● **STORED DATA**:
════

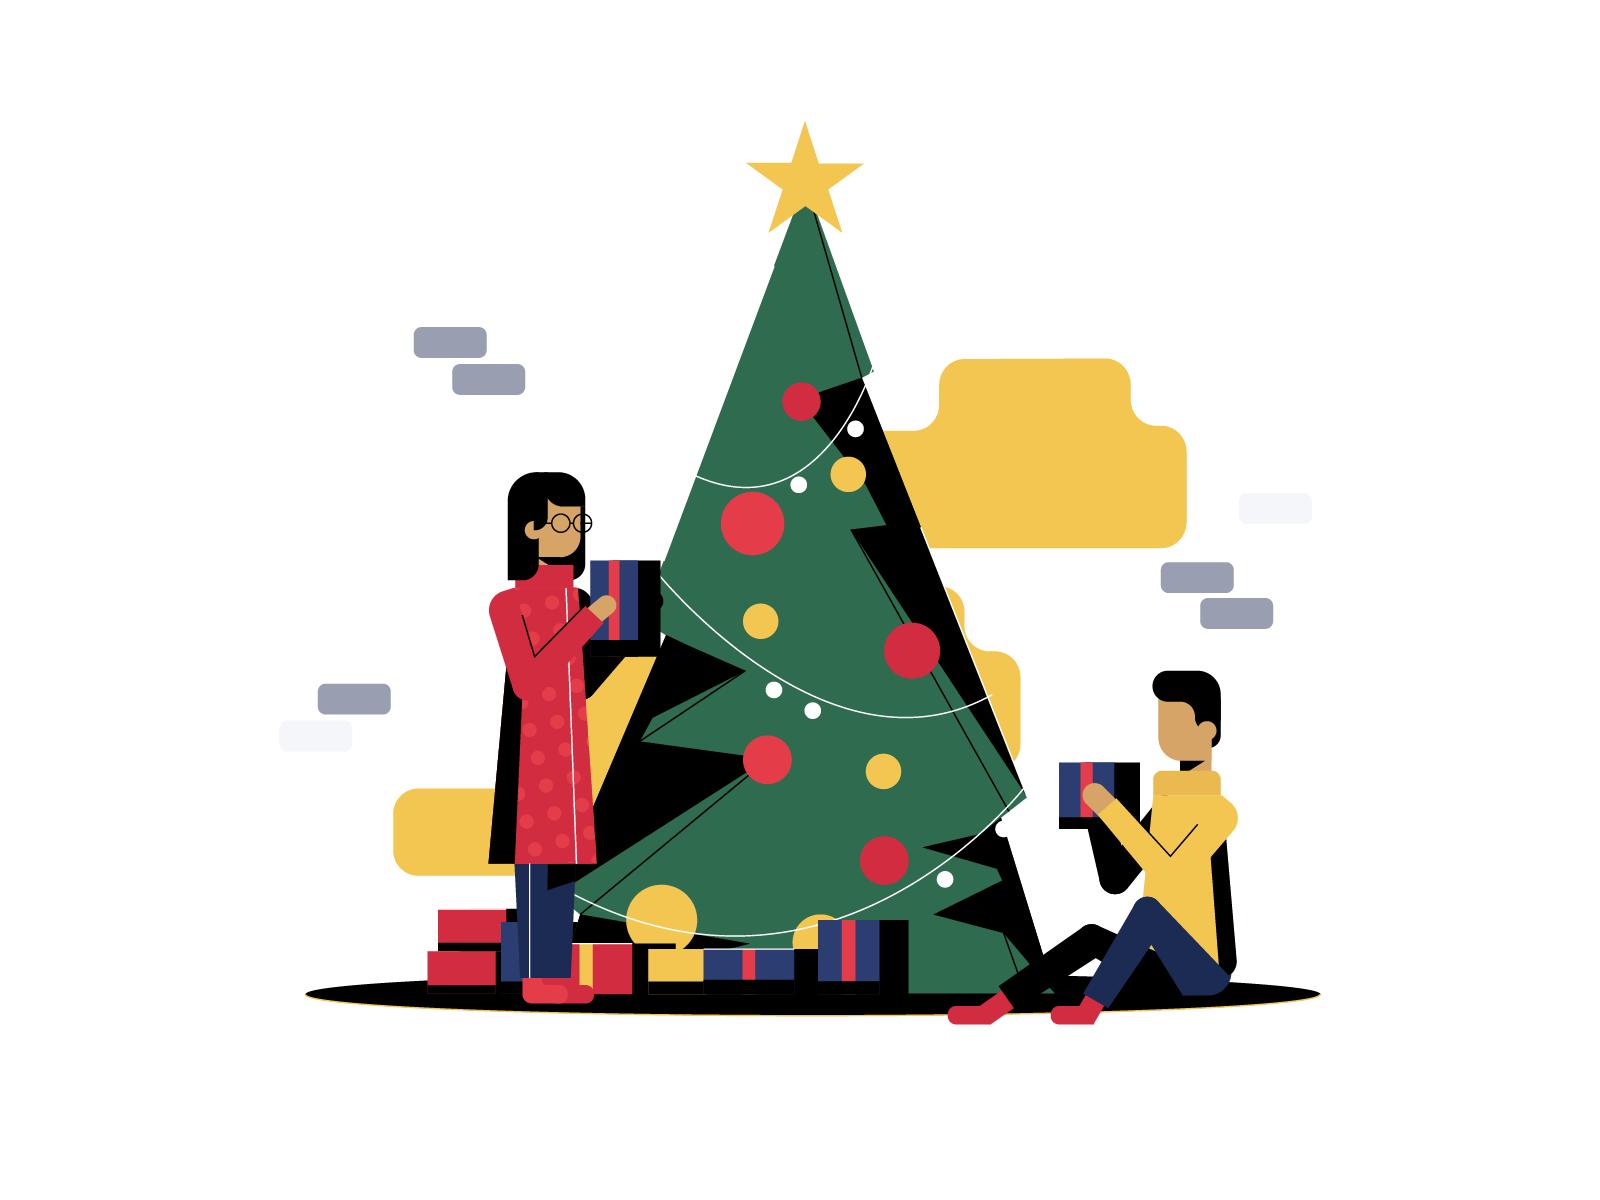 Christmas Illustrations Png.Dribbble Christmas Dribbble White 2 01 Png By Gytis Jonaitis
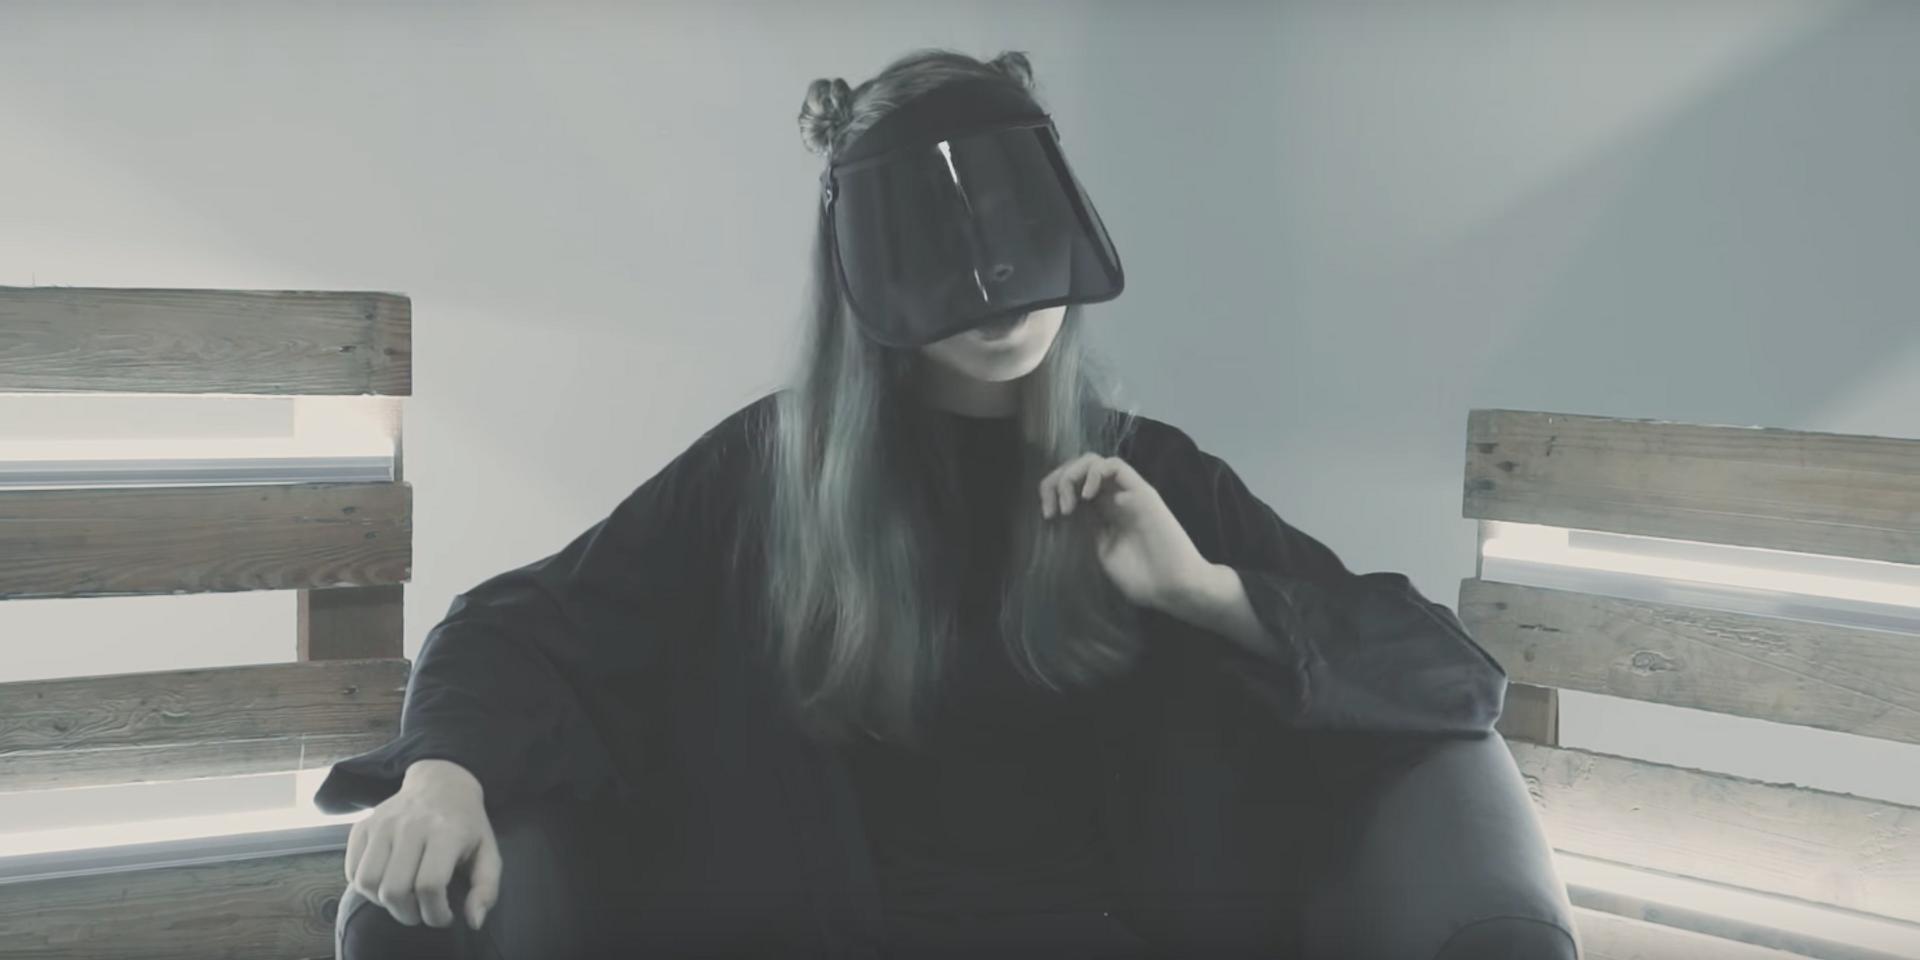 Jasmine Sokko breaks free in the music video for 'Porcupine' — watch
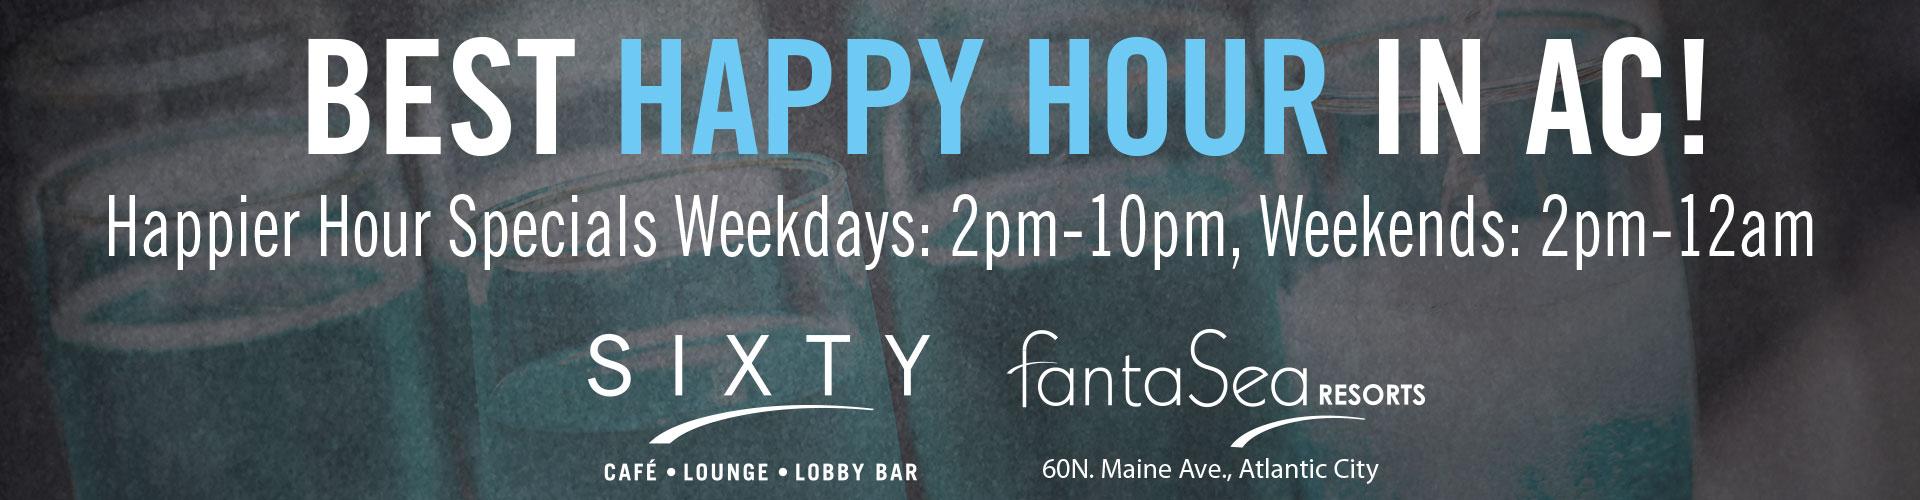 Drinks Menu - Sixty Cafe & Bar - FantaSea Resorts - Atlantic City, NJ
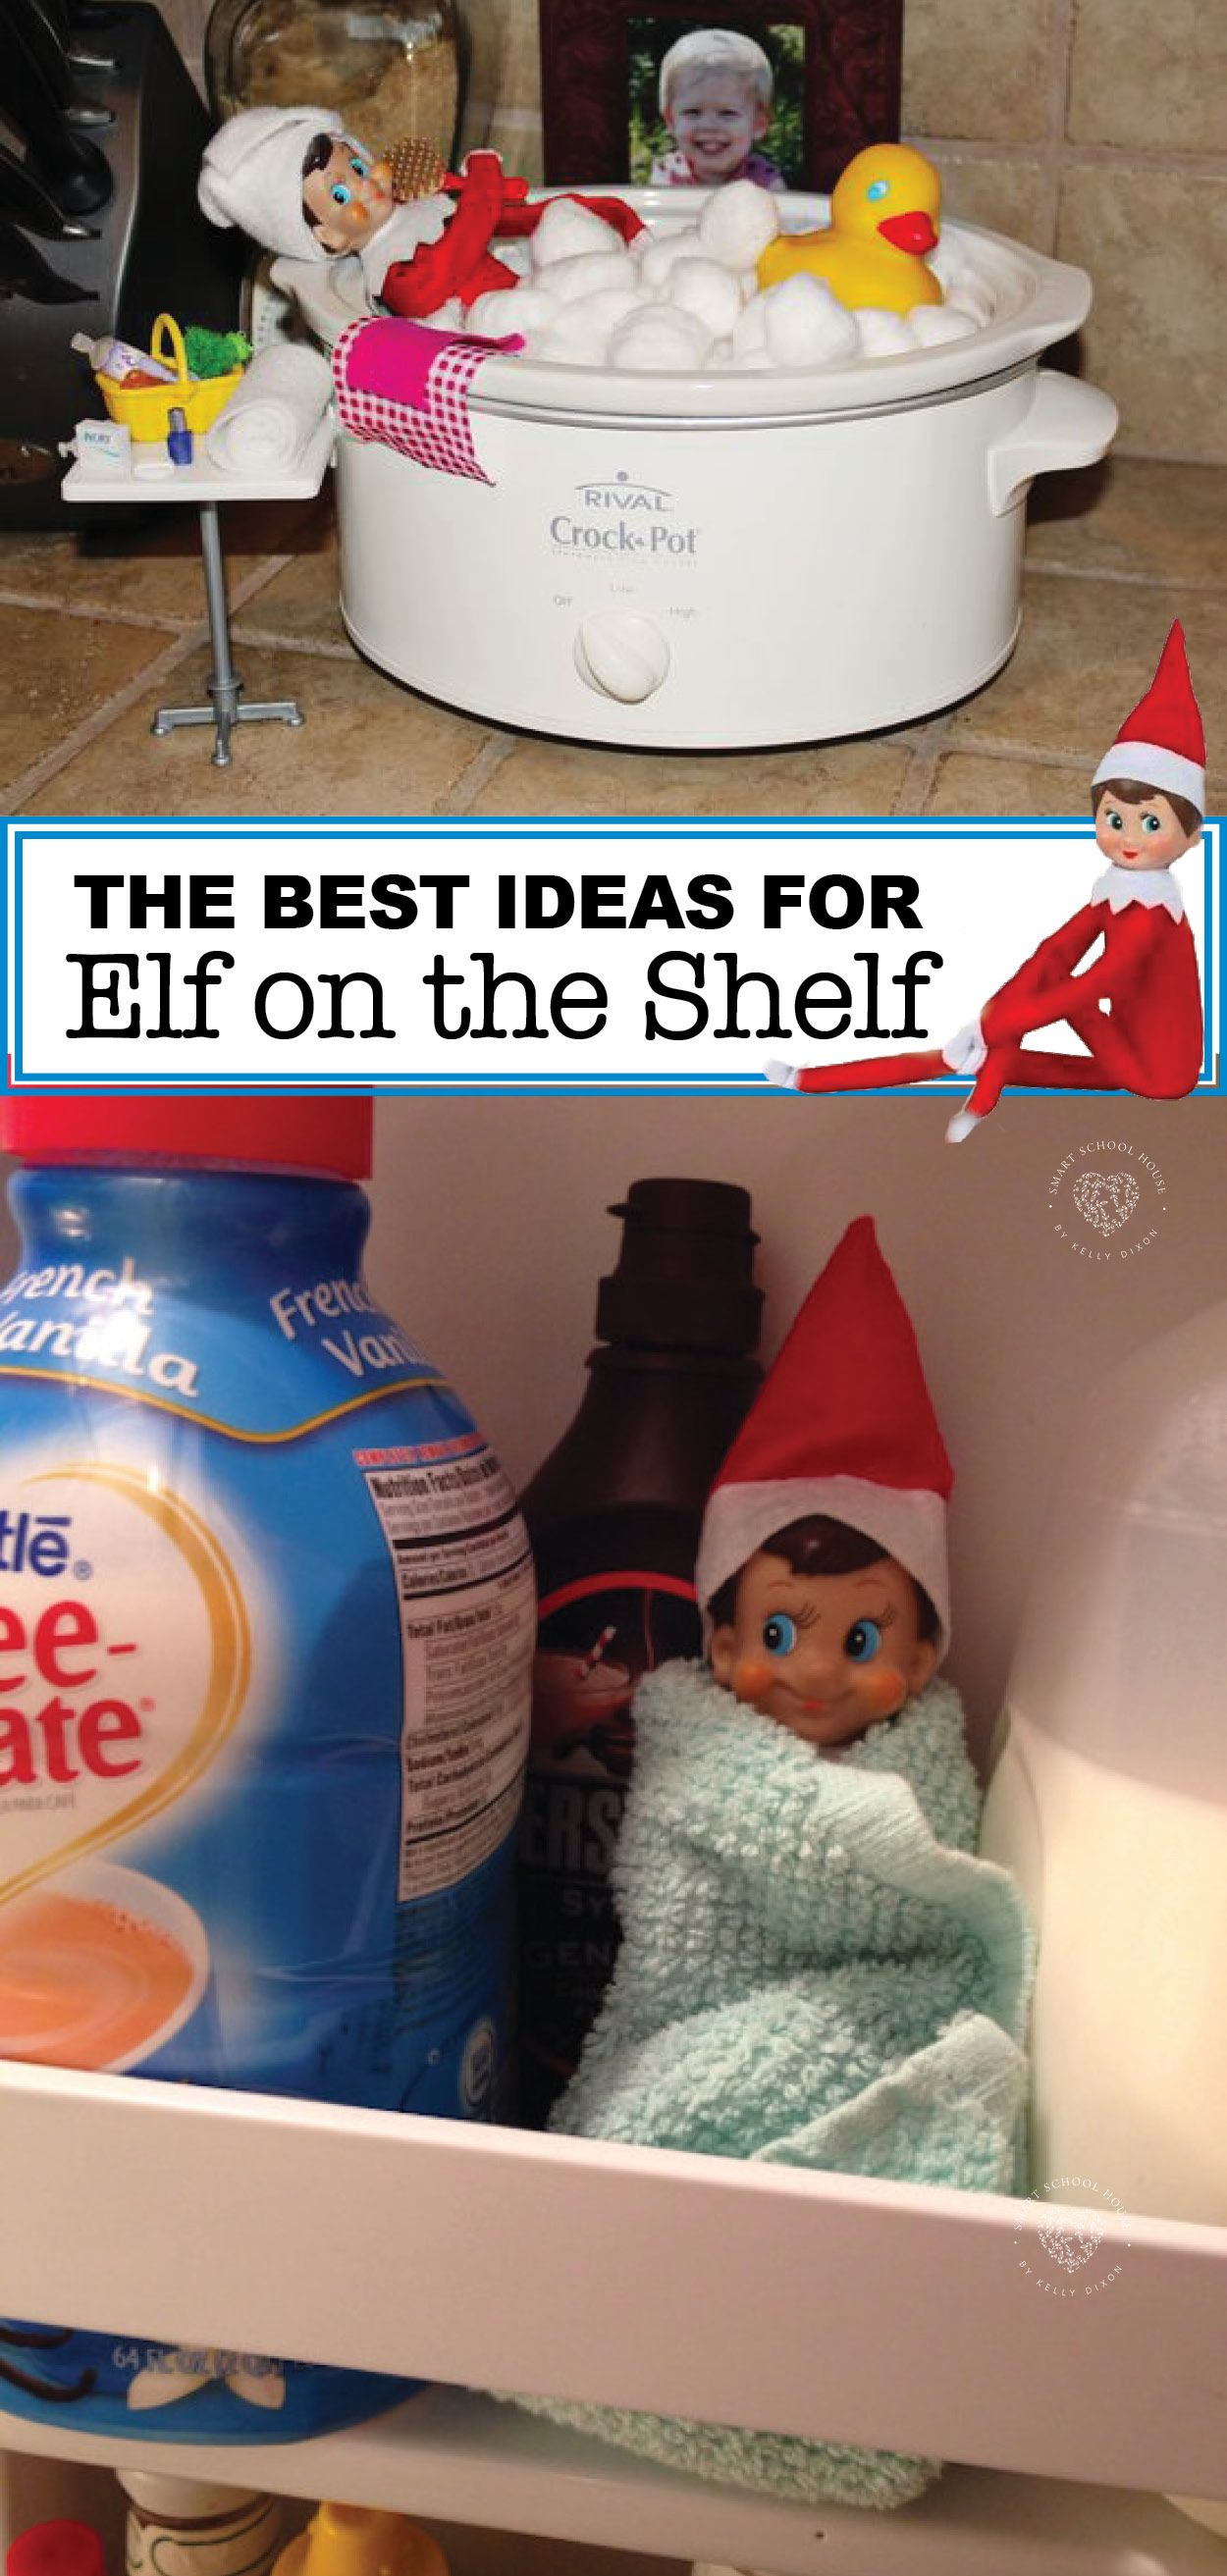 The BEST Elf on the Shelf Ideas

════

The preceding listing must be repeated exactly, with all images dropped.

● **YOUR SOLUTION**:
 Christmas Illustrations Png.Dribbble Christmas Dribbble White 2 01 Png By Gytis Jonaitis
 Jasmine Sokko breaks free in the music video for 'Porcupine' — watch
 Drinks Menu - Sixty Cafe & Bar - FantaSea Resorts - Atlantic City, NJ
 The BEST Elf on the Shelf Ideas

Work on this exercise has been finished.